Put another way, Alchemix places a price tag on only the opportunity cost from the deposited collateral. It is the borrower who provides their own capital for the loan, making them both a borrower and a liquidity provider (lender).
This implies that opportunity cost is highly dependent on the yield-generating strategies employed in Alchemix’s vaults. So, the only real danger is for the yield to be so low that the loan is unpayable.
In traditional finance, this wouldn’t have been possible because there are other costs involved in running a bank, from fees to salaries. In the case of Alchemix, there are no such costs because automated smart contracts displace those traditional costs.
Who Created Alchemix?
Unfortunately, the names of the team members are unknown and they still remain anonymous. The team behind it went by the name Scoopy Trooples, and launched Alchemix in February 2021.
There is a reason why Alchemix is so stablecoin-oriented, besides the lack of volatility. Initially, ETH and DAI stablecoin were supported, with ETH overcollateralized at 400% and DAI at 200%. Nevertheless, one ETH vault was exploited, making users able to withdraw 2,200 ETH without repaying their debt.

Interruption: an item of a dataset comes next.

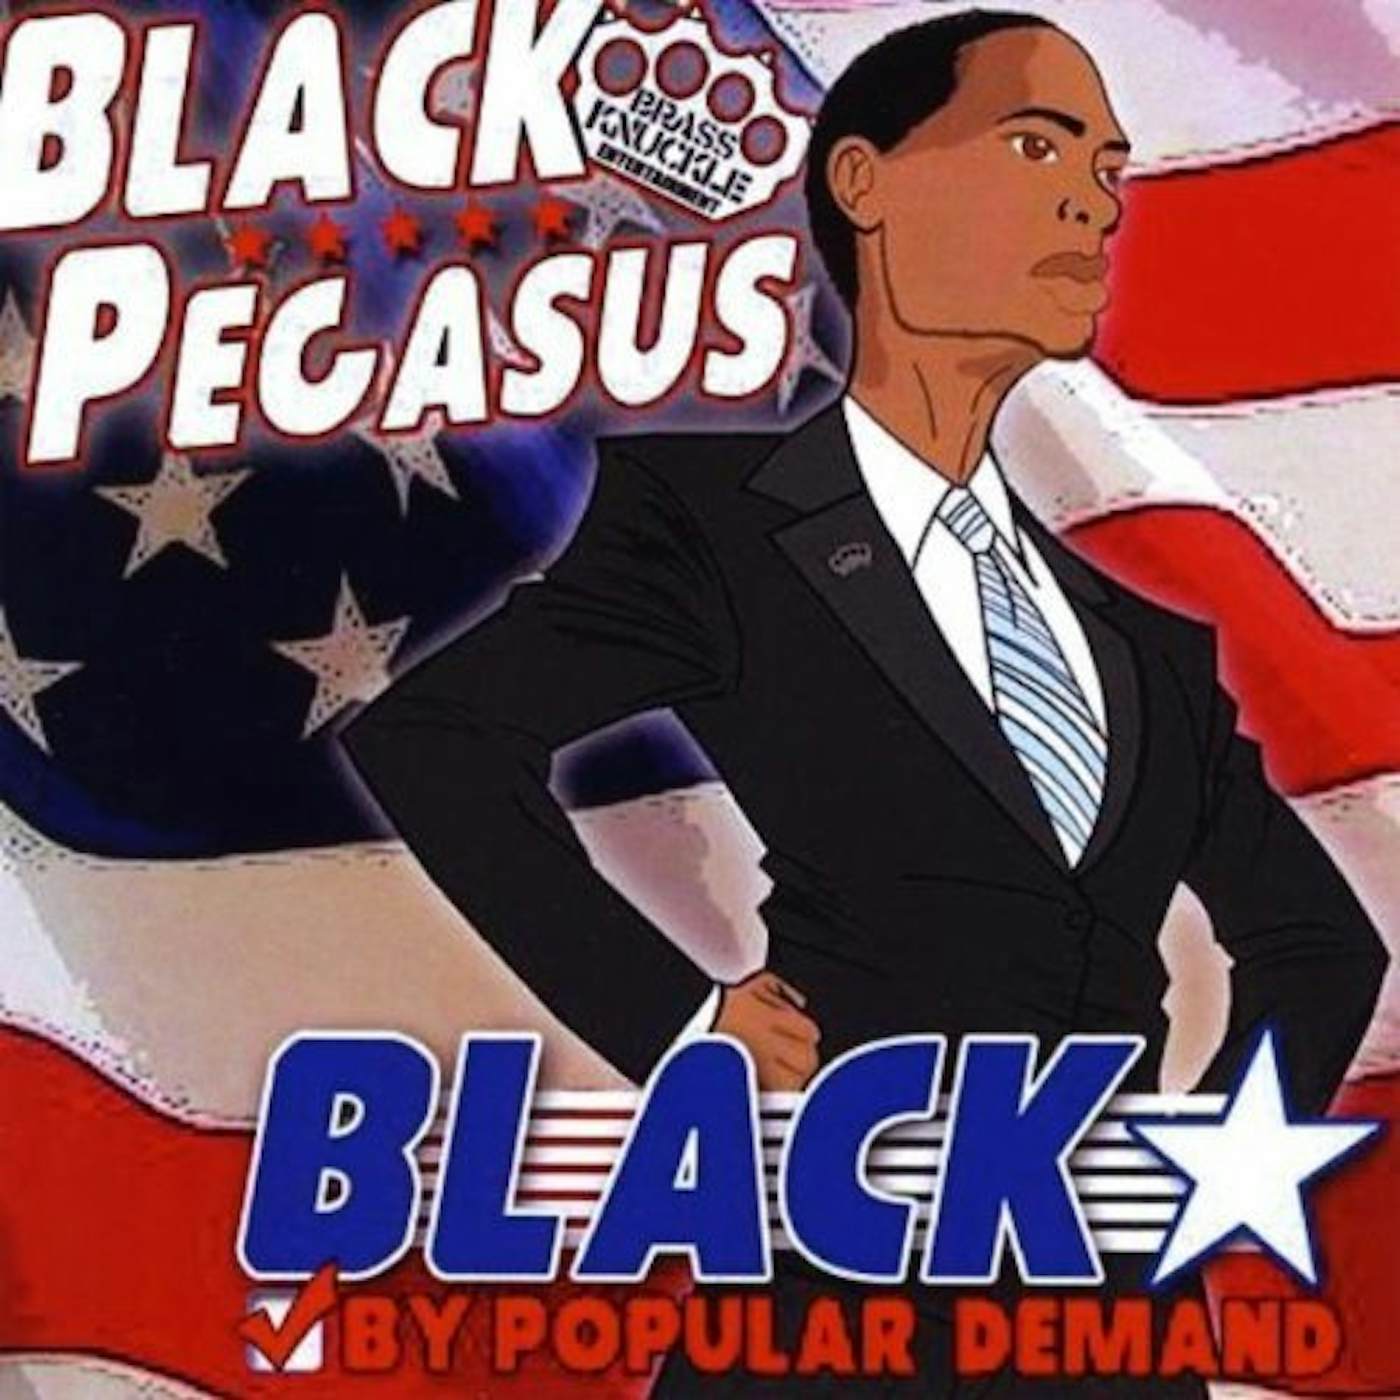 Black Pegasus BLACK BY POPULAR DEMAND CD

To recover the funds, the Alchemix team launched a reward campaign that integrated both NFTs and ALCX rewards. Thanks to these incentives, they were able to recover over half of the missing ETH.
This series article is intended for general guidance and information purposes only for beginners participating in cryptocurrencies and DeFi. The contents of this article are not to be construed as legal, business, investment, or tax advice. You should consult with your advisors for all legal, business, investment, and tax implications and advice. The Defiant is not responsible for any lost funds. Please use your best judgment and practice due diligence before interacting with smart contracts.
Correction: This explainer incorrectly reported that users can stake ETH SLP (Axie Infinity) tokens to earn ALCX tokens. The story now correctly reports that users can stake tokens like ALCX, Saddle alETH, and ALCX/ETH v2 to earn rewards.